The point of unsafe_no_drop_flag is that you're manually tracking the drop state somewhere, which can be inline. Won't the drop fill interact badly with it? I'd expect it not to happen for unsafe_no_drop_flag.

@asajeffrey was working with this attribute, maybe he knows how drop fill interacts with it.

[emilio]

@Manishearth My fault, seems that the filling is done when contained in ForOfIterator (that in my experiment had no #[unsafe_no_drop_flag]). Adding that to ForOfIterator too in my patch would suffice, but we'll have to be careful when containing Rooteds in other structs (if that can be the case).
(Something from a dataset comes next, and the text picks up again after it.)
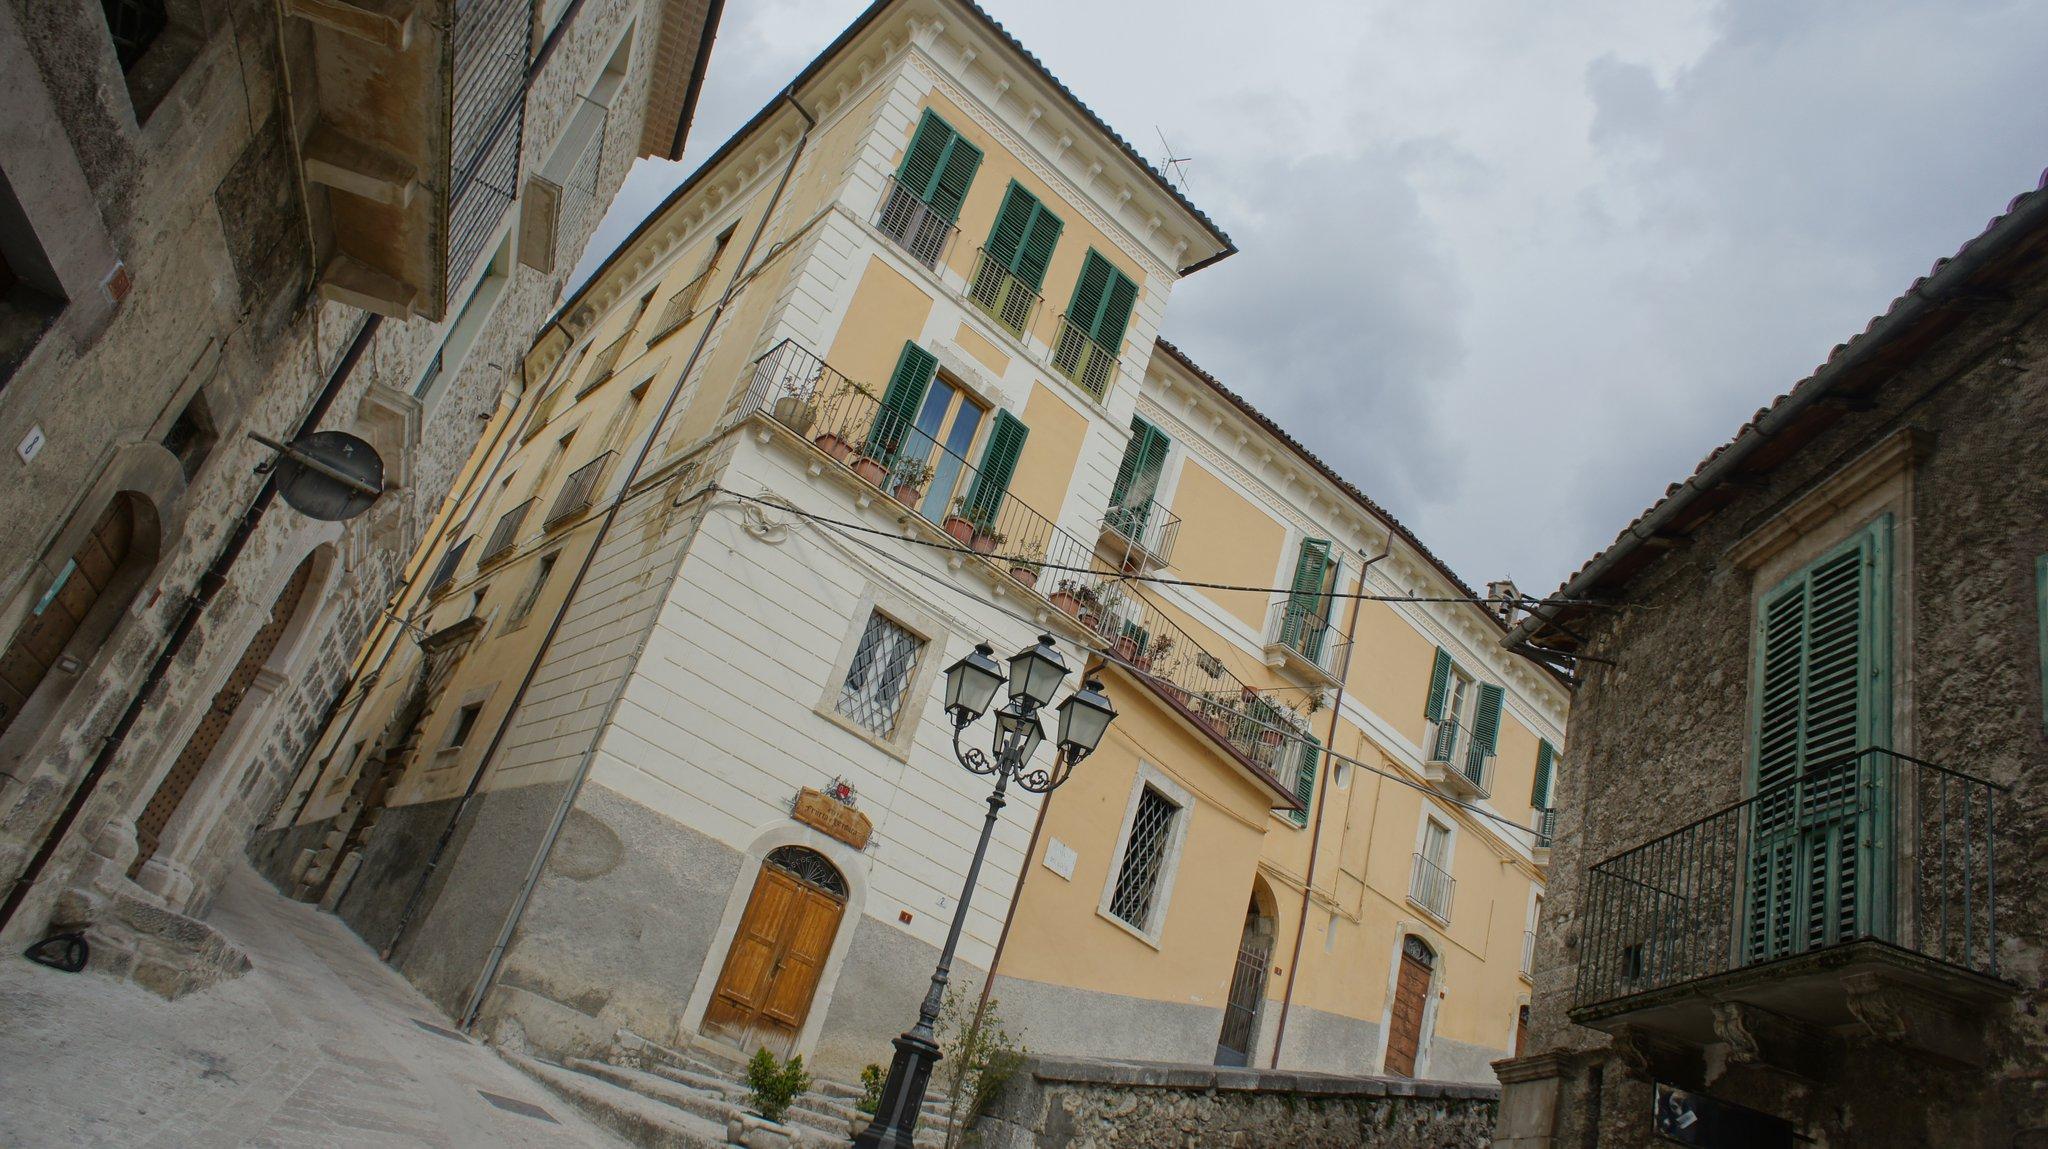 Abruzzo Italy Pictures Pacentro Abruzzo Italy
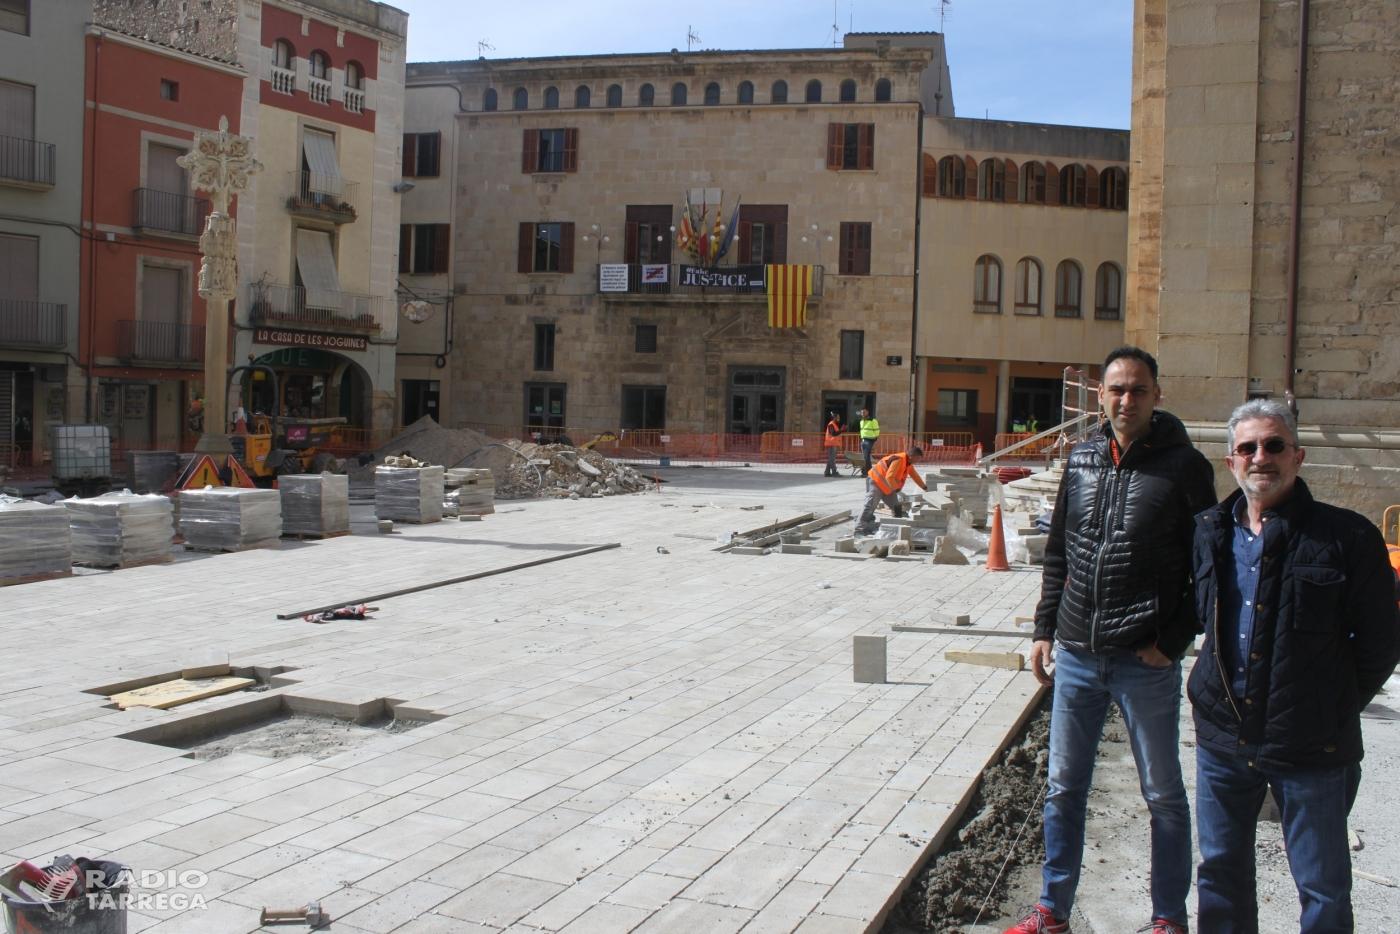 Les obres d'adequació de la plaça Major de Tàrrega marxen a bon ritme i ja és visible part del nou paviment de pedra natural

Example: https://play.rust-lang.org/?gist=517c053e0daf7b56e6b9&version=nightly

[nox]

See michaelwu/rust-bindgen#7 for another take at this.

[nox]

@michaelwu What's blocking this now that it is rebased and that your fork of bindgen adds such drop flags?

[michaelwu]

Does it work? Did we have to switch to checking for the poison instead of null? Also, I assume you've verified that bindgen does in fact remove the drop flag for these structs.